Application restart: After making these changes, it is necessary to restart ArchiHUB for the new settings to take effect. You can run docker compose up --build -d from the root folder as we saw in the chapter to update the application.

Enable ElasticSearch for Searching

By default, the Elasticsearch container is downloaded and installed along with ArchiHUB. However, this functionality is not automatically enabled because it requires quite a lot of machine resources as you catalog and index information. Let’s see how you can activate it and how to use it. This functionality is essential to perform keyword searches both in the metadata of the resources and in the files you process.

Activating Elasticsearch in ArchiHUB

The first step is to go to the system configuration and in the Index Management section activate the first option.

After activating Elasticsearch in the system configuration, it is necessary to restart the backend container to apply the changes. This can be done in two ways:

From console: You must navigate to the local-machine/archihub folder and from there you can run the following command to restart the backend container: docker compose up -d --no-deps archihub_flask_backend.
From desktop application: In the desktop application it is a little simpler, make sure you are in the submenu of the containers, look for the one that says archihub_flask_backend and simply stop it and start again.

To validate that the Elasticsearch index has started correctly, follow these steps:

Head back to the system configuration in the ArchiHUB interface. Look for the “Index Management” section and check if the first option is active. If this option is active, congratulations! You now have your archive connected to the index, which means that Elasticsearch is working properly and you can take advantage of ArchiHUB’s advanced search capabilities.

If the first option is not active, it is possible that a problem occurred when starting the index. In this case, try to solve the problem by consulting our frequently asked questions section, where some of the common problems and their solutions are addressed. If you do not find the answer there, we recommend that you ask in the forum of the application, where the community and developers can offer help and guidance to solve any problem.

Start indexing

For Elasticsearch to work correctly with ArchiHUB, it is necessary to generate a mapping for the index, which defines the structure of the data to be indexed. Fortunately, ArchiHUB takes care of this automatically using the metadata standards you have defined. Here’s how to perform these steps:

First, access the system settings in the ArchiHUB interface and look for the section called Index Management. Here, you should click on the option to “Regenerate index”. This will generate the necessary mapping based on your metadata standards. It is important to note that this action will appear in your processing in your profile, allowing you to track its progress.

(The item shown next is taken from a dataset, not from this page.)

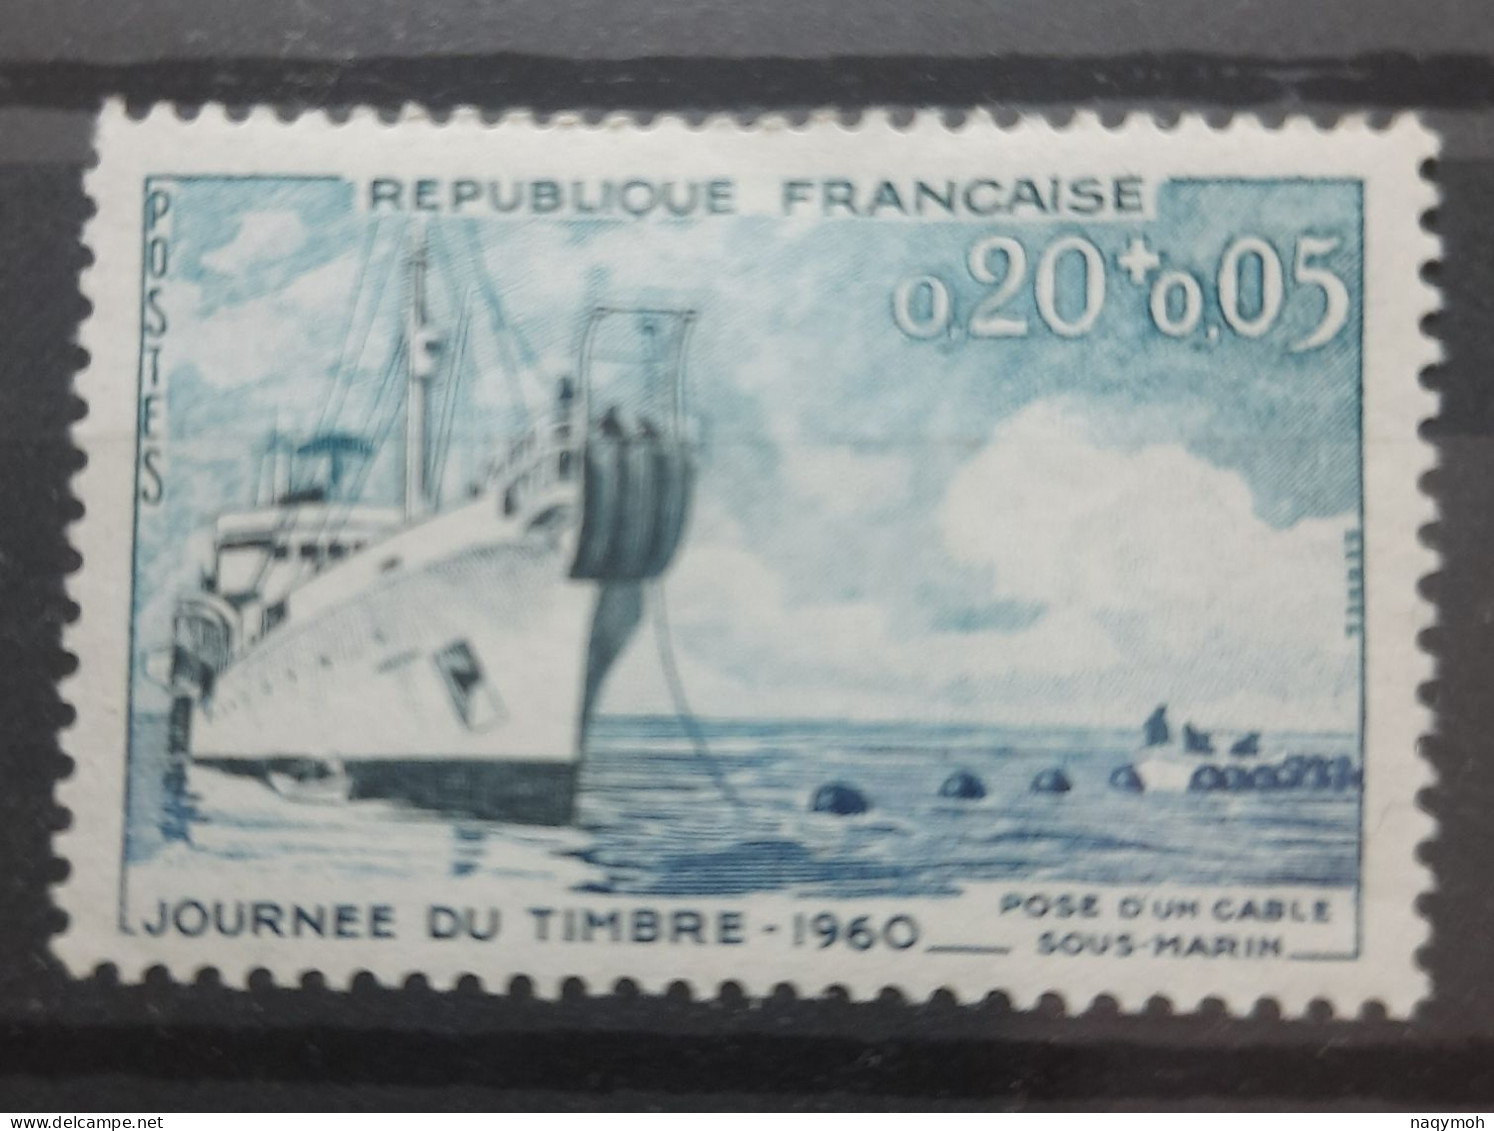 France Yvert 1245** Année 1960 MNH. - Ongebruikt

After regenerating the index, you must index the resources to upload them to the index so that you can start searching. To do this, in the same section Index Management, select the option “Index the resources”. This process can also be followed from the “My Processes” section in your profile, where you will be able to see the status and progress of the indexing.

Once the index is generated and the resources are indexed, ArchiHUB will automatically take care of uploading the database changes to Elasticsearch in case the content is updated. This ensures that the information in the index is always up to date and reflects the changes made to the archive.

Processing Node Configuration

By default, our docker-compose.yml file starts a single processing node dedicated to all tasks that are not in a specific processing queue. You can learn more about the processing queues by clicking here.

However, if we want to install new plugins that may use a bit more intensive processing, we need to modify that file.

To do this open the docker-compose.yml file in a text editor and go to the CELERY QUEUE SERVICE section. You will notice that it looks a lot like CELERY WORKER SERVICE but it is commented out and the command it executes is different as we now have the processing rows specified. Uncomment the whole block of text, then open the terminal and restart the containers with docker compose up --build -d.